Fish geneticists from Virginia Tech University also are assisting local researchers in pinpointing characteristics in the shiners unique to populations in the upper and lower Niagara Rivers, and in Lake Erie and Lake Ontario, respectively.
“This is kind of a novel research project,” said Bryan Hinterberger, a U.S. Army Corps of Engineers’ project manager and a research collaborator for the Emerald Shiner Project.
Short shiner life
Researchers have gained new insights about the species in the Niagara River during their first two years of work.
There are two or three peak spawning seasons, usually in June or July, after the water temperature reaches about 70 degrees.
Shiners spawn in open water and develop into larvae within a day or two. Larvae are often found in the safe harbor of marinas. They rapidly grow into 1½-inch-long juvenile fish and seek the protection of marshy wetland areas before eventually joining juvenile schools.
In the fall, those juveniles join adult schools. Most never live past a year or two, dying mostly at the mouths or beaks of predators like bass, trout, loons, terns, egrets or seagulls.
“The mortality of the shiner population is very, very high,” Pérez-Fuentetaja said. “Eighty percent die each year related to predation, disease and fishing.”
Field studies by the Great Lakes Center showed 69 percent of the shiners collected were less than a year old, 26 percent were between 1 and 2 years old and only 5 percent were two years or older.
Weather and water temperature may play a role in year-to-year shiner populations, according to the center’s research.
Studies showed that, after the record cold of early 2015, larvae emerged almost a month later than they did a year earlier, and the overall population was down 75 percent from 2014 levels. Data shows Lake Erie’s water temperature reached 70 degrees on June 29, 2014, but not until July 15 in 2015.
Although Lake Erie never froze over last winter, the delay in warm spring weather seems to be hurting the shiner again in 2016, Pérez-Fuentetaja said.
“The spring temperatures are cold this year, and we are seeing a lot of sick emerald shiners this early in the season,” she said.
Other research revealed:
• Emerald shiners comprised 90 percent of the stomach contents of walleye and more than 70 percent of the stomach contents of steelhead trout.
• Lake Erie and the upper Niagara River shiners are more genetically similar to one another than shiners from the lower Niagara and Lake Ontario.
• Shiners in the Niagara River tend to be thinner and more pencil-shaped than those in the lakes, which could be a result of the strong river current.
• Adequate nutrition is available for shiners in the upper Niagara River in the forms of algae and zooplankton.
Researchers said the lives of the emerald shiner and the threatened common tern are delicately intertwined.

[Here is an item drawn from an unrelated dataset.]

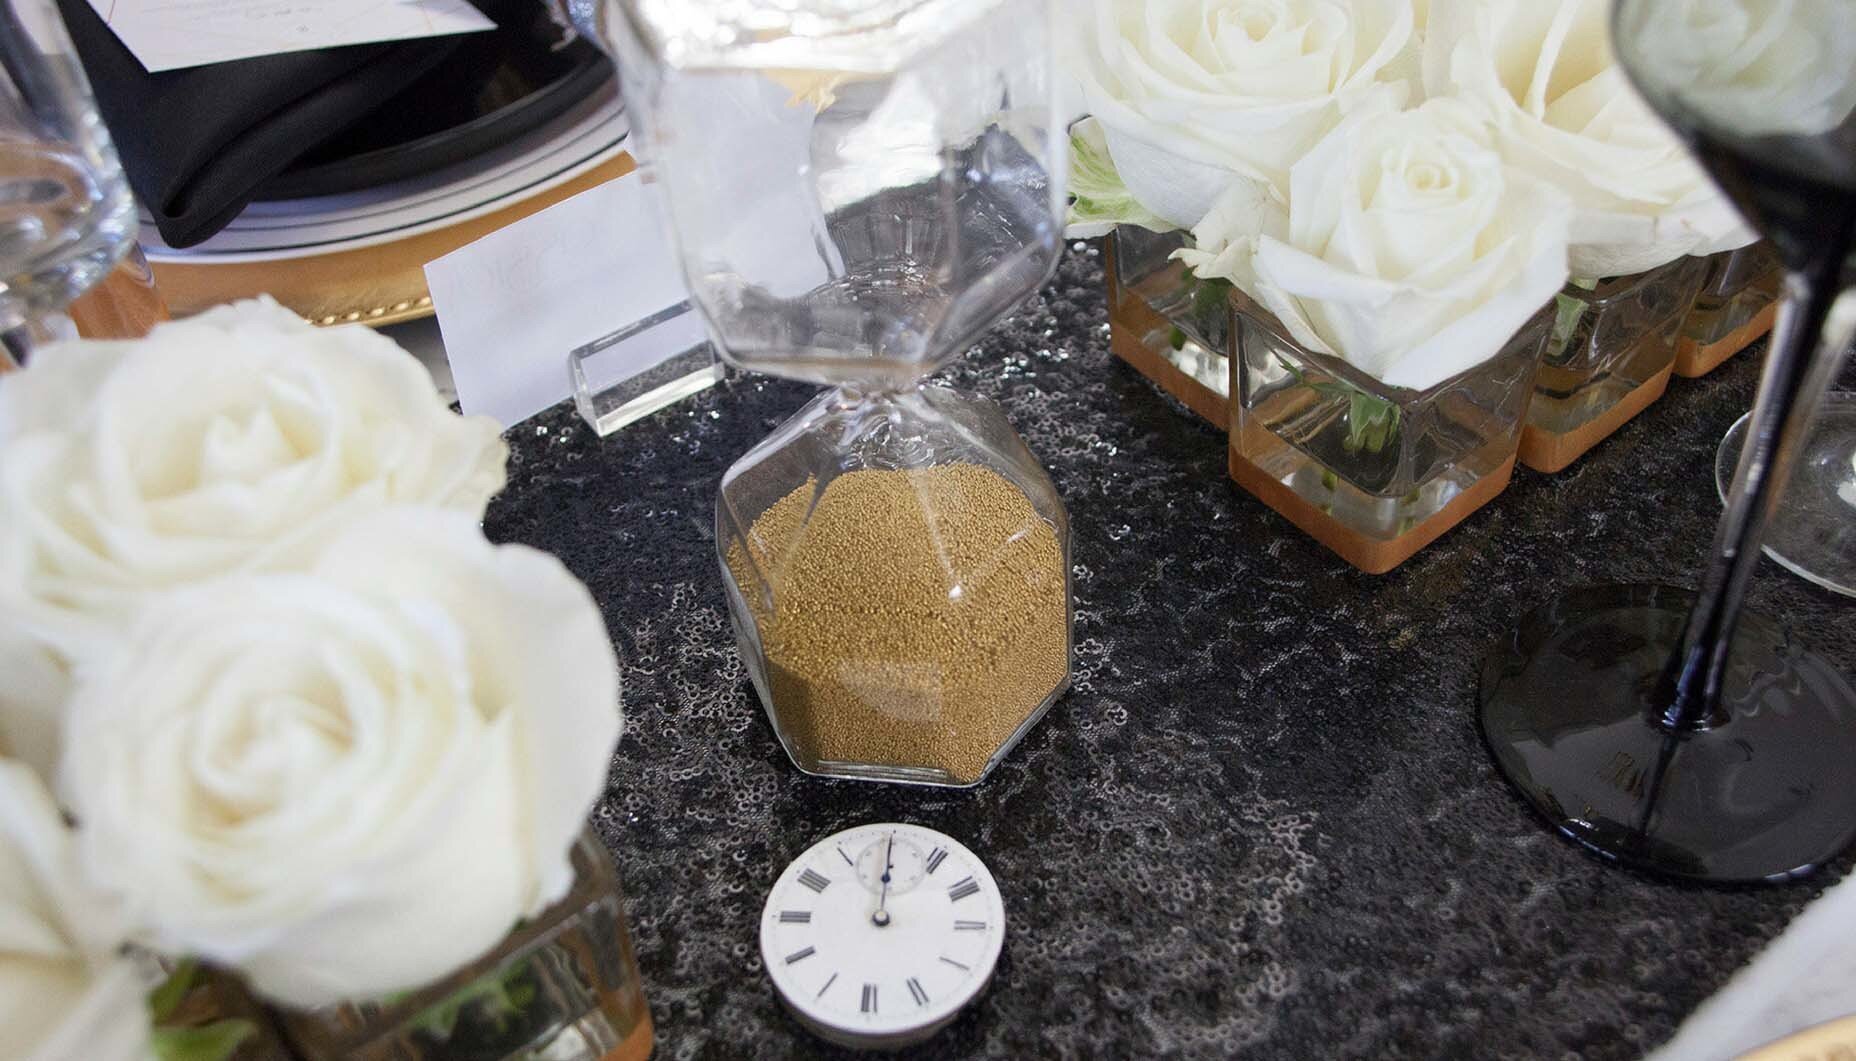 Mixed metallic NYE party inspiration - Vintage Time Pieces - Get more New Year’s Eve decor ideas now at minteventdesign.com!

Last year’s dip in the shiner population may have had a correspondingly detrimental affect on area terns, researchers say.
“Last year, their chick rearing success was pretty low,” said Jo Johnson, a graduate student on the project. “The emerald shiner is their main food source.”
It’s why researchers stress the importance of the tiny minnow in the larger ecosystem.
“This little minnow is part of the middle of the food web,” DePriest said. “There are so many fish and wildlife that rely on this tiny fish.”
The Niagara River corridor is classified by Audubon as one of three globally “Important Bird Areas” west of Rochester.
So the findings from the Emerald Shiner Project could prove invaluable to the river’s recovery, said Jill Jedlicka, executive director of Buffalo Niagara Riverkeeper.
“It’s not just a study for the sake of a study,” Jedlicka said. “It’s a study to fix and restore.”
And it could help restore the shiner’s habitat, shoreline and water quality not only along the Niagara River but in other ecosystems.
“We’re going to learn a lot at the end of this,” said Hinterberger from the Army Corps. “There might be widespread application of this in the United States and around the world for the small fish in the big river.”